Грань очень размыта. У каждого режиссера она своя – что ты можешь делать, а что нет. Но правда то, во что поверил зритель. Если это образ, если это работает – то ради бога.

А постановочные трюки?

Я не занимаюсь постановочными трюками, но иногда провоцирую героев. Я, безусловно, знаю, как манипулировать человеком, как получить то, что я хочу.

Сейчас у нас много снимают сериалов. Я начала смотреть сериал "Молодой папа", про Ватикан – мне очень понравилось.

Я вас поздравляю. Я смотрел, мне очень понравился. Но у нас такое не снимут никогда. Там очень хороший режиссер. Это высочайший уровень профессионализма. Дело не в огромных бюджетах – это высочайший уровень режиссера. Я смотрю "Карточный домик", "Родину (Homeland)", " Молодого папу" и другие фильмы. Я не говорю, что я презираю украинское кино, но это так, увы, провинциально, по-хуторянски, что зачем тратить свое жизненное пространство?

Насколько возможно сегодня снимать хорошее документальное кино в союзе с телеканалами?

С теми, существующими на сегодняшний день, телеканалами, это априори невозможно. Каждый телевизионный менеджер и продюсер пошлет вас на три буквы, и вы мирно разойдетесь, послав друг друга. И каждый будет по-своему прав. Телевизионным менеджерам нужно быстро зарабатывать деньги – быстро и сейчас. Документальное кино – это для 2% народонаселения. Если в стране когда-нибудь появится общественное телевидение, когда у нас будет построено гражданское общество, то вот там, может быть, будет возможность сделать документальное кино.

Есть ли в документалистике какая-то преемственность? Есть ли подобие школ?

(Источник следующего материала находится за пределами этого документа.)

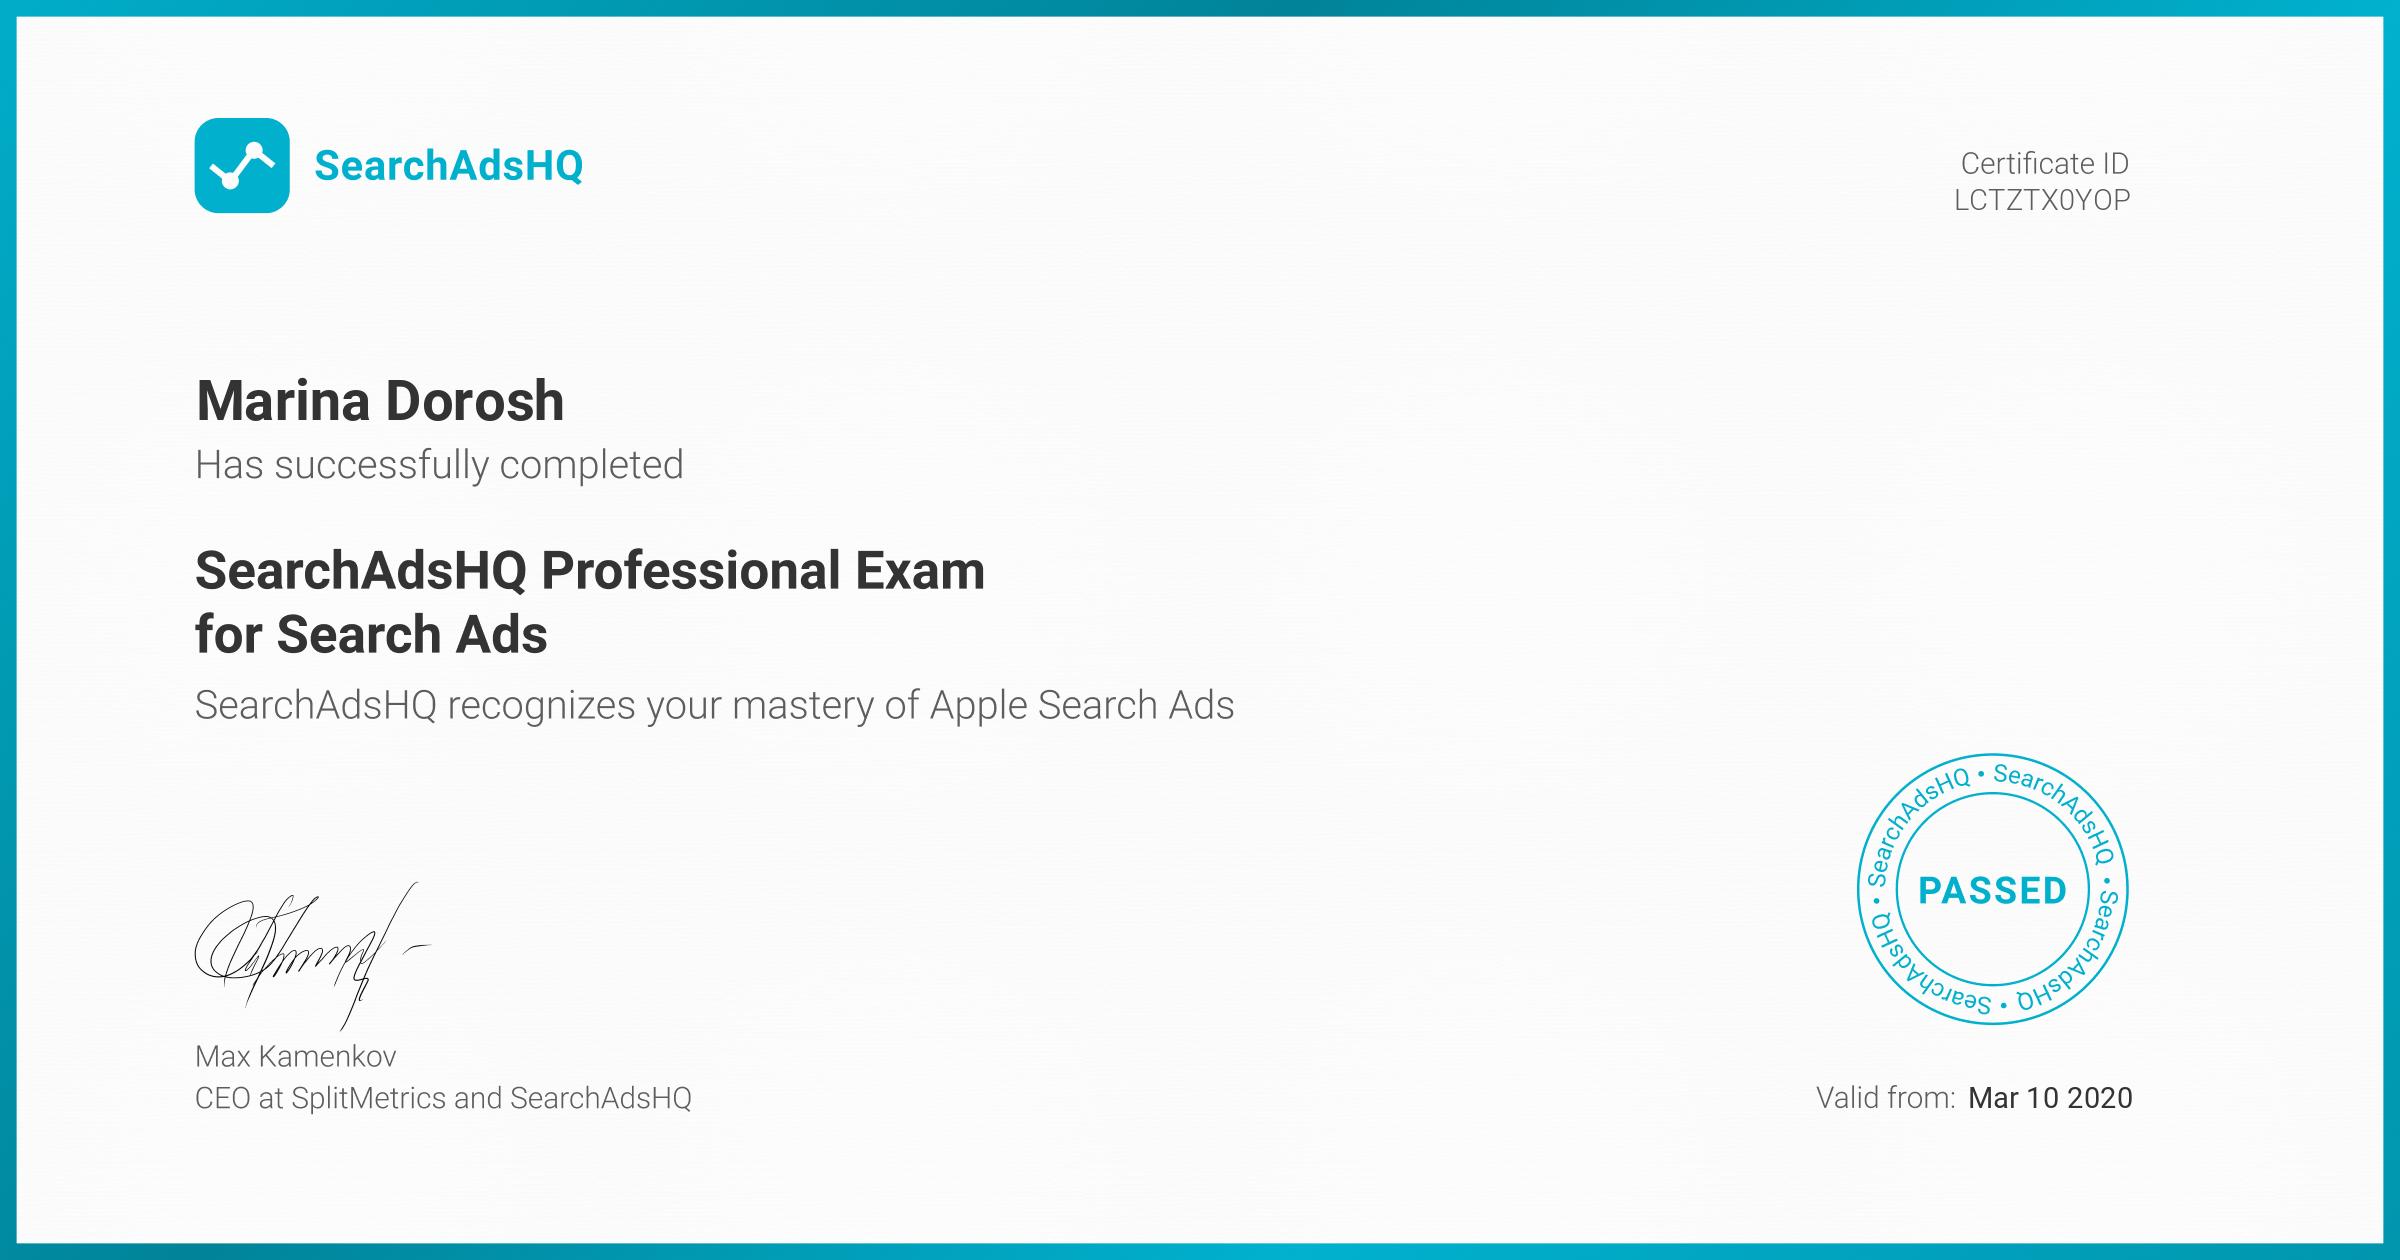 Certificate for Marina Dorosh | SearchAdsHQ Professional Exam for Search Ads
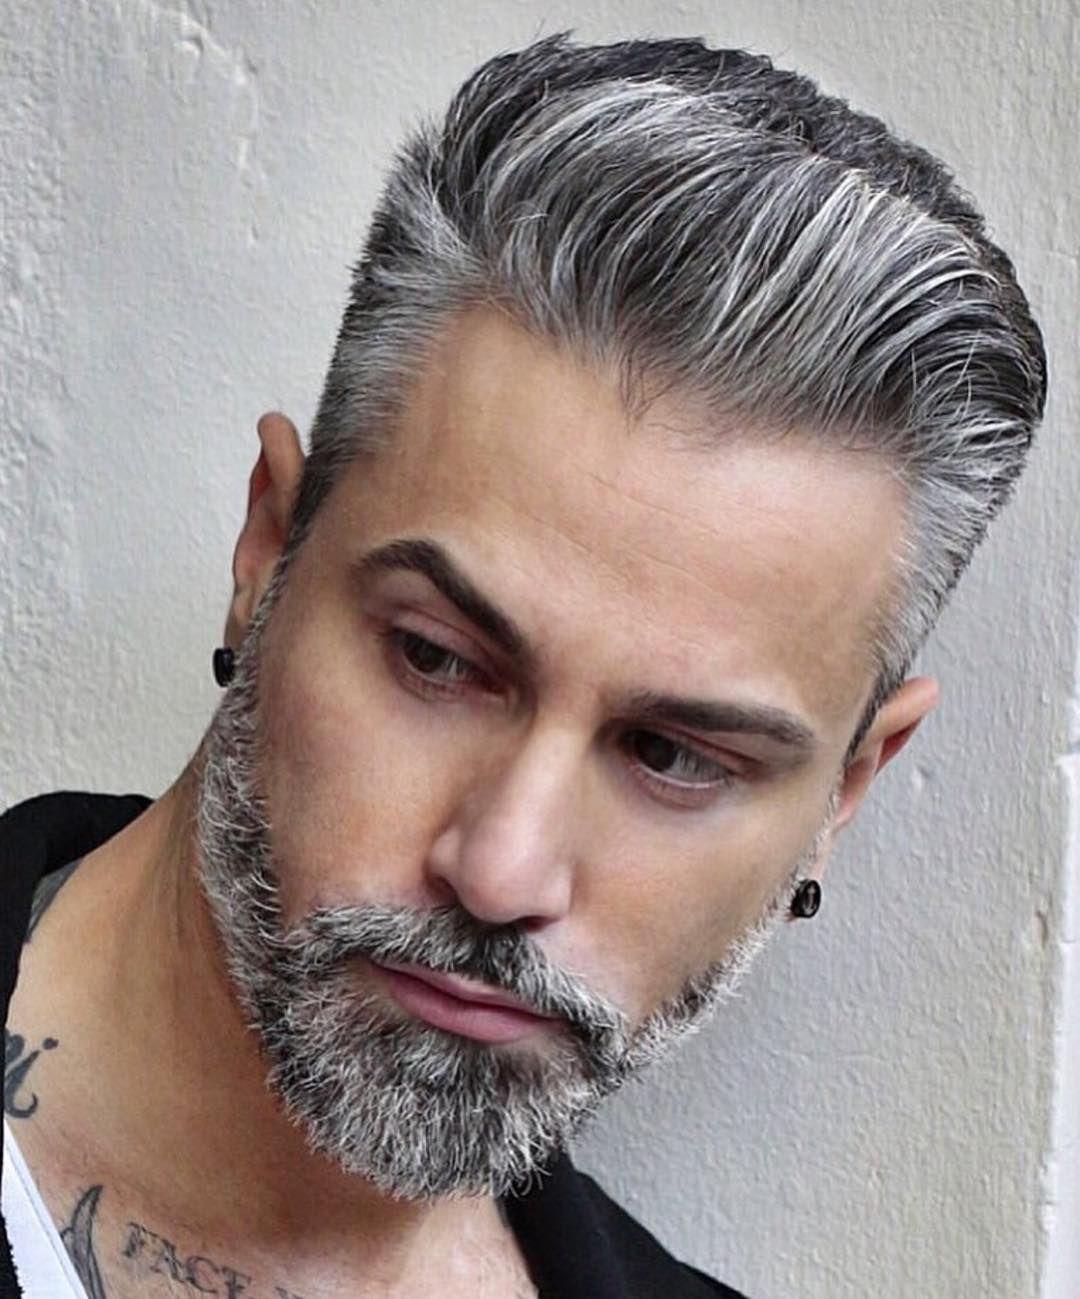 3 408 Me Gusta 11 Comentarios Hairmenstyle Official Hairmenstyle En Instagram Hairmenstyle Silver Hair Men Grey Hair Men Hairstyles For Thin Hair

Есть. У меня много друзей и коллег, которые инициировали много лет фестиваль Docudays, фильмы по правам человека, который ежегодно проходит в Киеве, и это такая арт-платформа. Вокруг возникает много молодых ребят, которые выучили языки, которые ездят по миру, которые знают, как работать с фондами, с разными продюсерами, и какой-то процесс, все-таки, в стране происходит. Я очень верю, что это уже другое поколение людей, которое будет интегрировать в нормальный современный медиа европейский процесс и находить там поддержку.

А процесс дешевеет?

Процесс с одной стороны дорожает, с другой – дешевеет. Везде очень сложно находить на культуру, кинематограф, документальный в том числе, какие-то деньги, с каждым годом все сложнее и сложнее. Мы не уникальны в этом смысле.

А о чем люди хотят смотреть?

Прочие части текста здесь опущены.